異世界で帝国の皇子に出会ったら、トラブルに巻き込まれました。


そんなふうにバルドと言い合いができたのは、よかった。


くたくたのまま、彼の添い寝で安心して眠りに落ちる。


(よかった……ちゃんと話せて……やっぱりバルドは変わらないよ……ね)


きっと、大丈夫。何か問題があっても2人……ううん、子どもと3人で乗り越えられる。そう信じてた。





その夜、夢を見た。


お母さんや秋人おじさんとよく遊びにいった河川敷の公園で、そこには四季折々の花も楽しめるよう色んな花も植えられてた。
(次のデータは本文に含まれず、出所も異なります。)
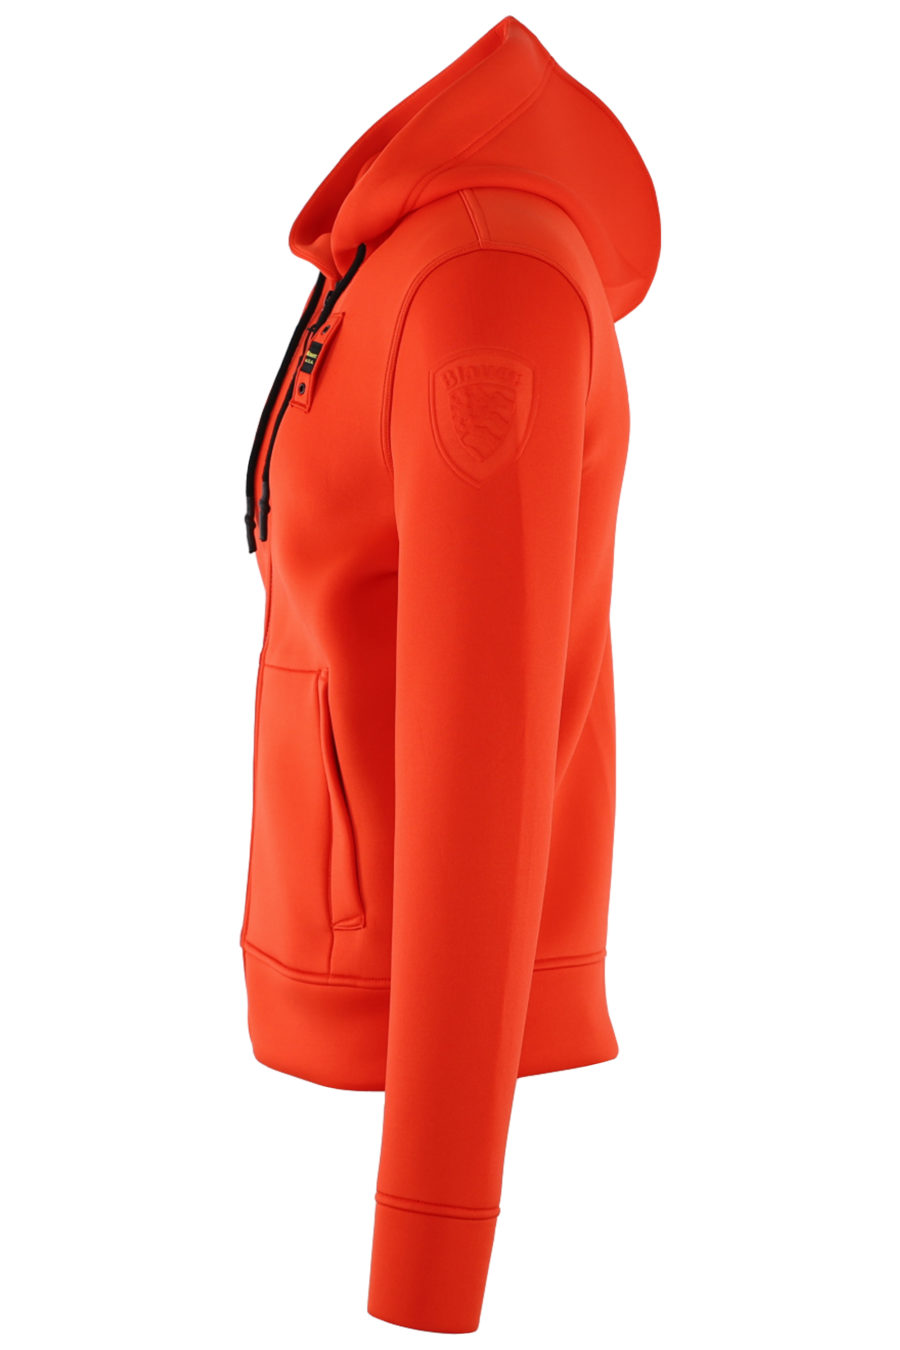 Camisola de neoprene laranja com capuz e fecho de correr - IMG 0510

花壇の花は無理だけど、野に咲く花を摘んで花輪を作ったり。押し花にしたり。そうそう、秋人おじさんは器用に作ってたなって懐かしく思う。


対してお母さんは不器用で、よく失敗してはムキ~! と吠えてた。その真っ赤な顔を見て、秋人おじさんとよく笑って。お母さんは更に真っ赤になって怒ったっけ。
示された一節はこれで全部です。